Die Kinder und ich habe parallel dazu, die Angel ausgepackt und das erste mal geangelt. Leon hatte sich das gewünscht und auch Lara war ganz scharf darauf. Vorweg, gefangen haben wir nichts, aber viel gelernt. Wir wissen nun wie das System aus Schwingen und entriegeln/verriegeln funktioniert, wie das Spiel zwischen Schwimmer, Köder + Haken/Gewicht funktioniert wie das und wie das Betäuben + Kiemenschnitt funktioniert hätte, für den Fall das uns etwas an den Haken gegangen wäre.
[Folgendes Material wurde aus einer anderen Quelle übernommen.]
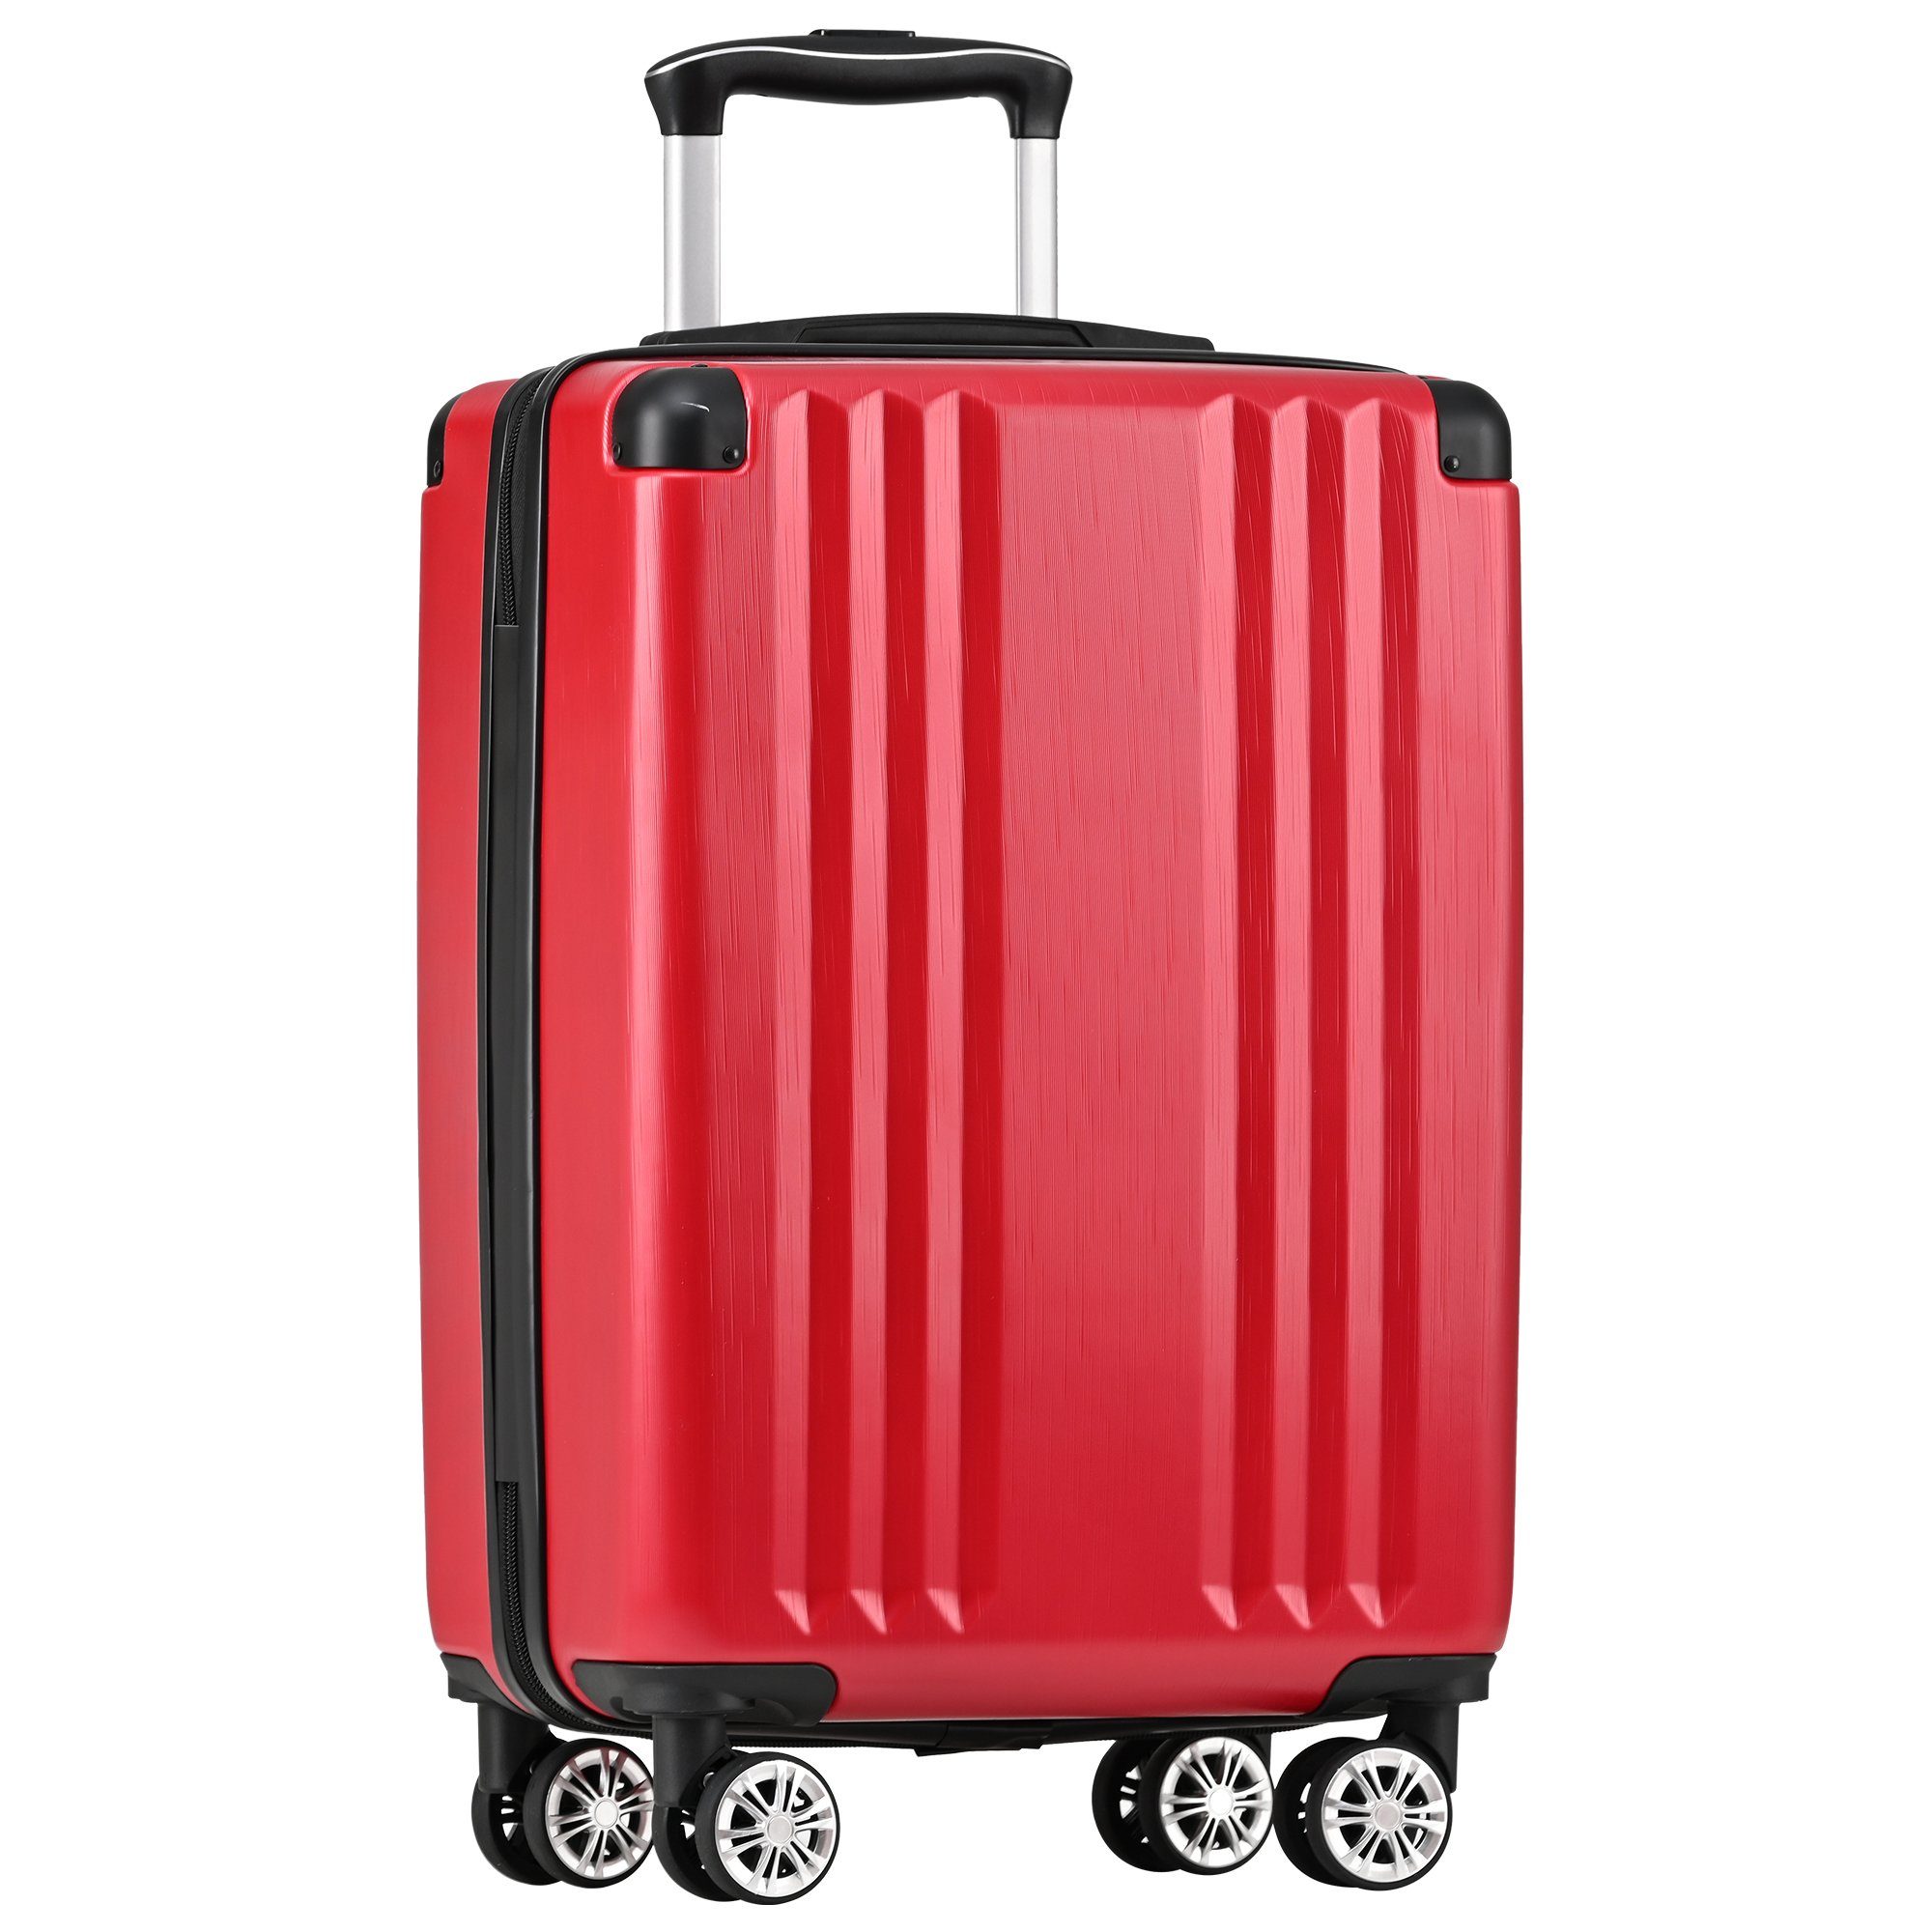 Handgepäck-Trolley ABS-Material, Zollschloss, 4 Rollen, M-Größe:56.5*37.5*22.5 TSA Rot Reisekoffer Ulife

Ich muss jedoch zugeben, das ich Angler immer etwas belächelt habe. Sie setzen sich irgendwo hin, teilweise mit der Klischeehaften Dose Bier, haben die angel im Wasser und philosophieren über das Geschehen und vielleicht geht ihnen der ultimative, große Fisch ins Netz, vielleicht aber auch einfach nichts. Langweilig wäre eine Beschönigung des Ganzen gewesen. Jetzt muss ich sagen, das es mega toll ist. Man kann sich stundenlang (leise) mit anderen unterhalten, kommt mit neuen Menschen in Kontakt und wenn niemand anderes da ist, das Wasser, die Natur drumherum und die Ruhe sind einfach Balsam für die Seele.

Das alles, obwohl sich der Campingplatz heute gefüllt und die Anzahl an Menschen wohl verdoppelt hat. Auch viele Deutsche und Niederländer, die von der schwedischen Tourismusindustrie schmerzhaft vermisst werden, sind dazu gekommen. Italiener und Polen sind so wenige wie immer; lediglich Dänen, Franzosen und Belgier sind weiterhin eine Seltenheit.
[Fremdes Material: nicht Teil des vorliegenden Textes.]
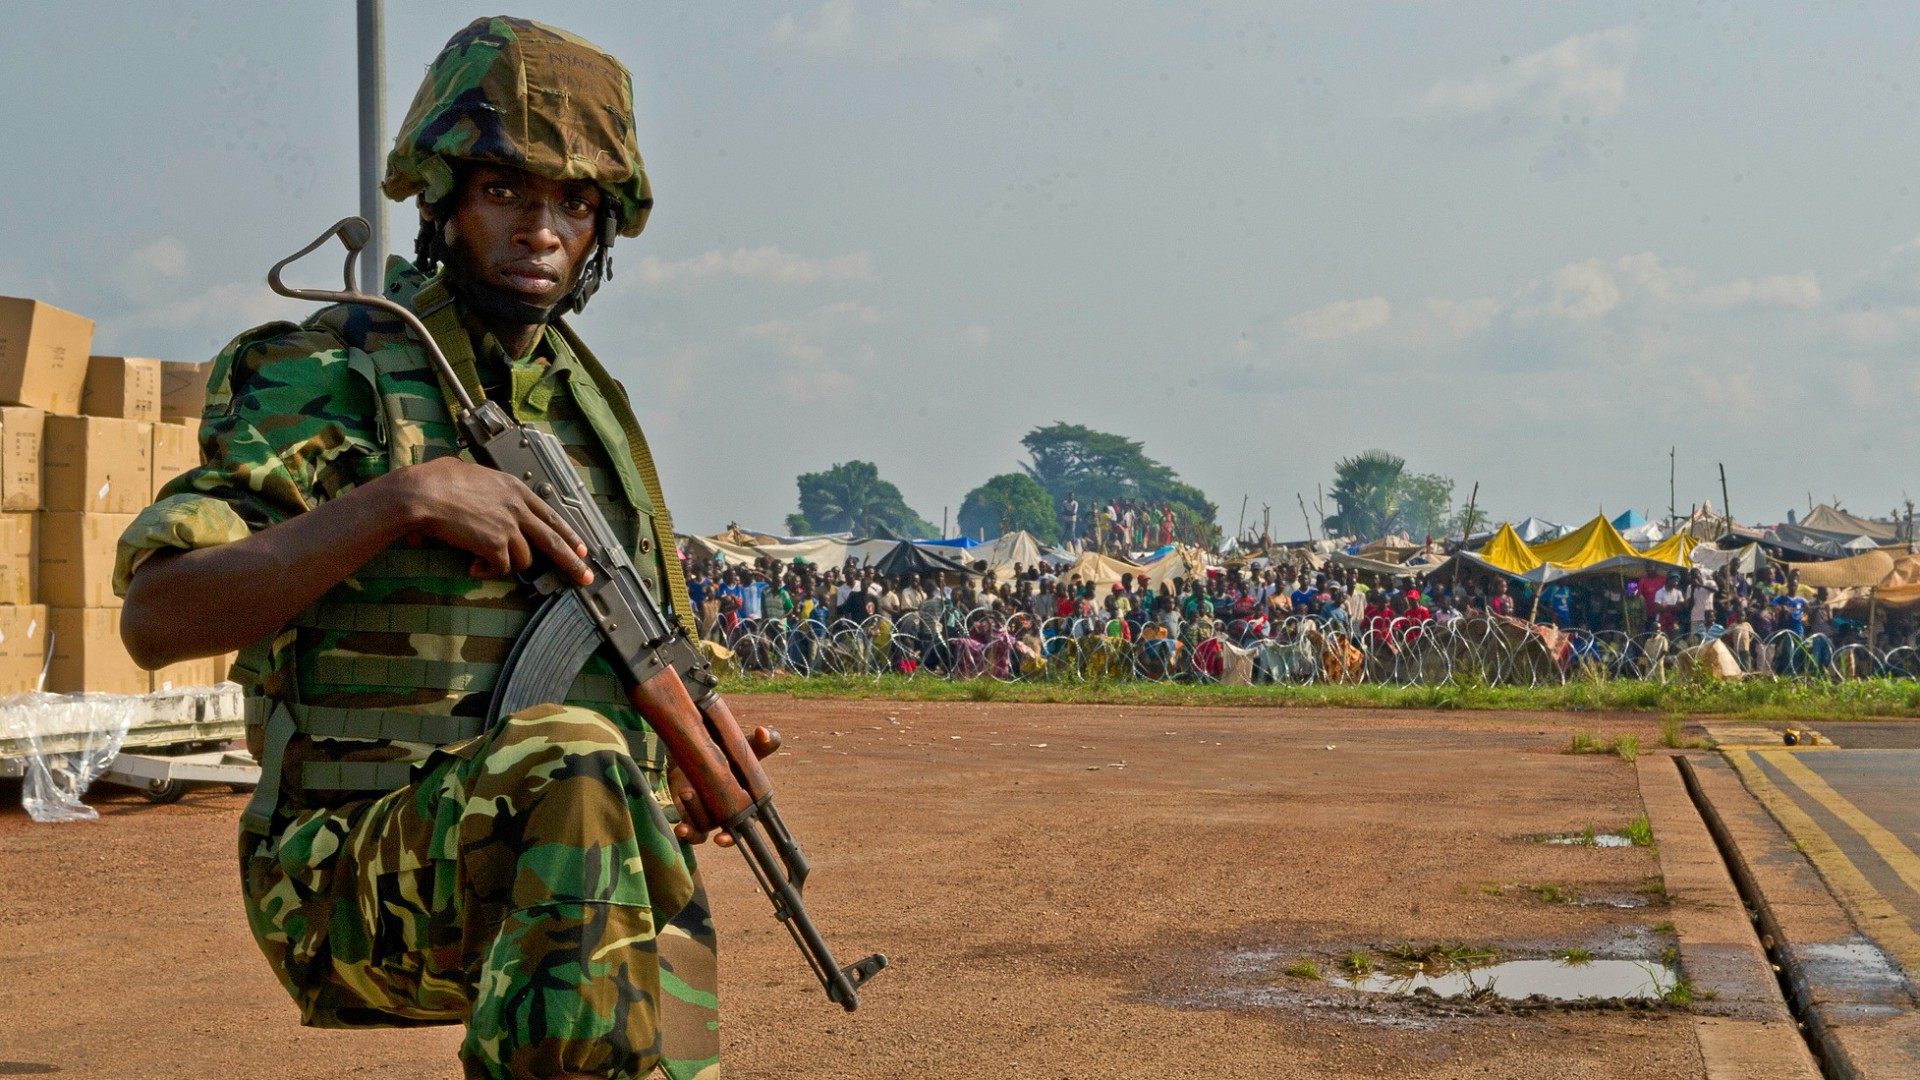 La violence est encore très présente en République centrafricaine (Photo:US Army Africa/Flickr/CC BY 2.0)

Ein Wort noch zur Pandemie: Auch wenn man den Schweden nach sagt, sie würden lascher damit umgehen: Das ist nur bedingt richtig. Die Mehrheit der Schweden ist doppelt geimpft, mit den Genesen zusammen gibt man teilweise 80% an. Dennoch halten sie Abstand, desinfizieren sich die Hände alle fünf Meter (an jeder Tür, an jedem Eingang, im Supermarkt werden Einkaufswägen deinfiziert bevor der Kunde sie in die Hand nimmt). Da wirken unsere Bemühungen, reduziert auf Schließungen und Maske. Wo liegt der Sinn, wenn ich mir einen Einkaufswagen nehme, den vorher jemand in der Hand hatte und dann im Supermarkt (beim Rewe bspw.) ein Desinfektionsspender steht, den die meisten nicht benutzten und sich an der Kasse jemad vorbei drängt, dabei die Hände auf meine Schulter legt und sagt: "Darf ich mal bitte kurz vorbei". Das würde sich hier niemand (!) trauen. Vielleicht ist es auch hier wieder eine Disziplienfrage, die wir deutschen leider vielleicht nicht mehr besitzen?!
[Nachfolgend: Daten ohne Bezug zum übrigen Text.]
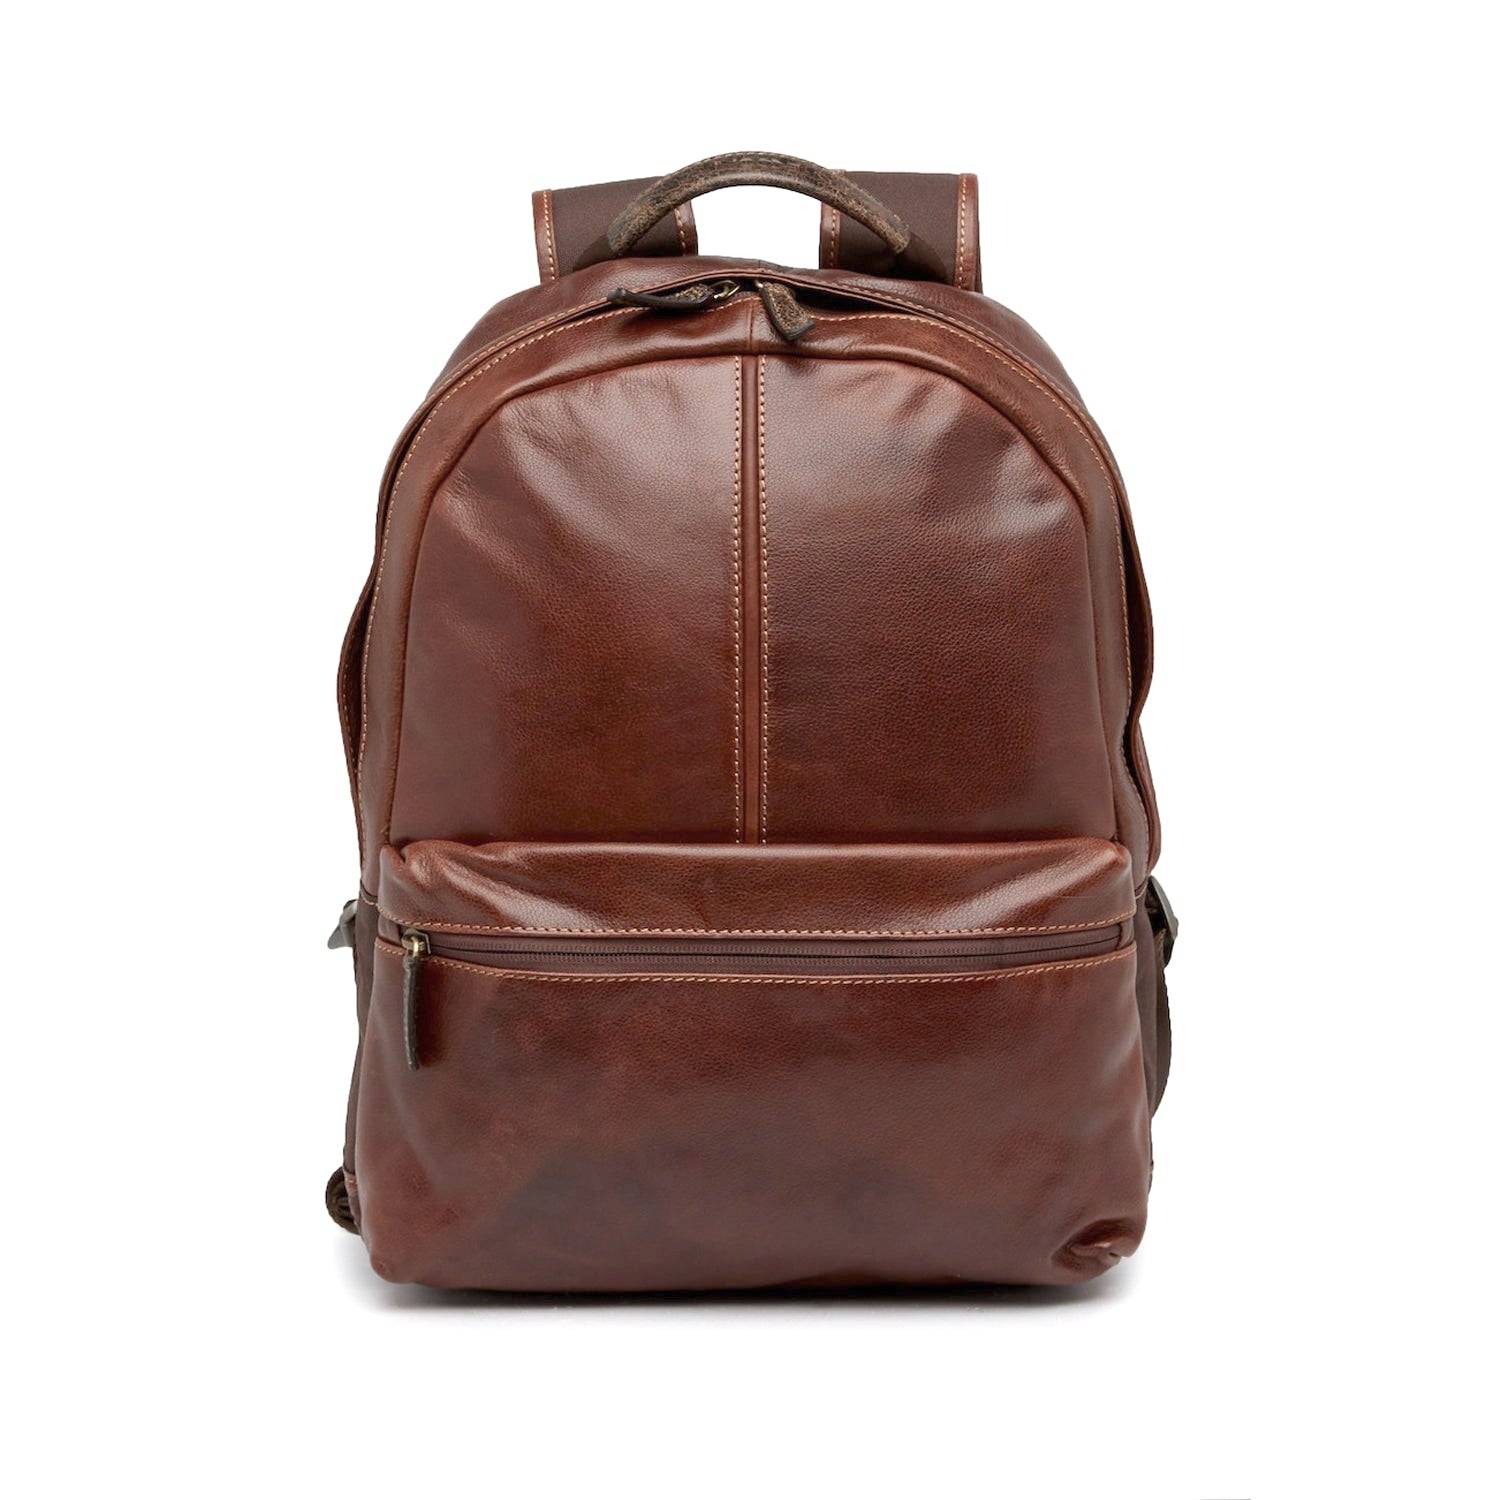 Michael Kors Rhea Medium Slim Backpack - Brown for sale online | eBay

Leider haben aber auch die schwedischen Vorgaben Beschränkungen. So gibt es eine maxiale Anzahl an Personen pro Quadratmeter und das das verhindert, das wir das Erzbergwerk in Kiruna besichtigen. Untertage ist es eben ein bisschen enger... Sehr schade, denn Kiruna wird seit 2020 um 5km versetzt. Alle Häuser werden abgerissen und entweder am neuen Ort neue gebaut oder die alten wieder errichtet. 2040 soll dieser Umzug abgeschlossen sein. Selbst Gräber werden einzeln versetzt, um eine Durchmischung der Asche zu verhindern. Bei dem Gründer der Mine und der Siedlung hatte man sich überlegt, das Grab dort zu belassen wo es war, so dass seine Mine es sich quasi einverleibt. Man hat sich dagegen entschieden - klang für mich irgendwie ein bisschen nach "Heiligenverehrung".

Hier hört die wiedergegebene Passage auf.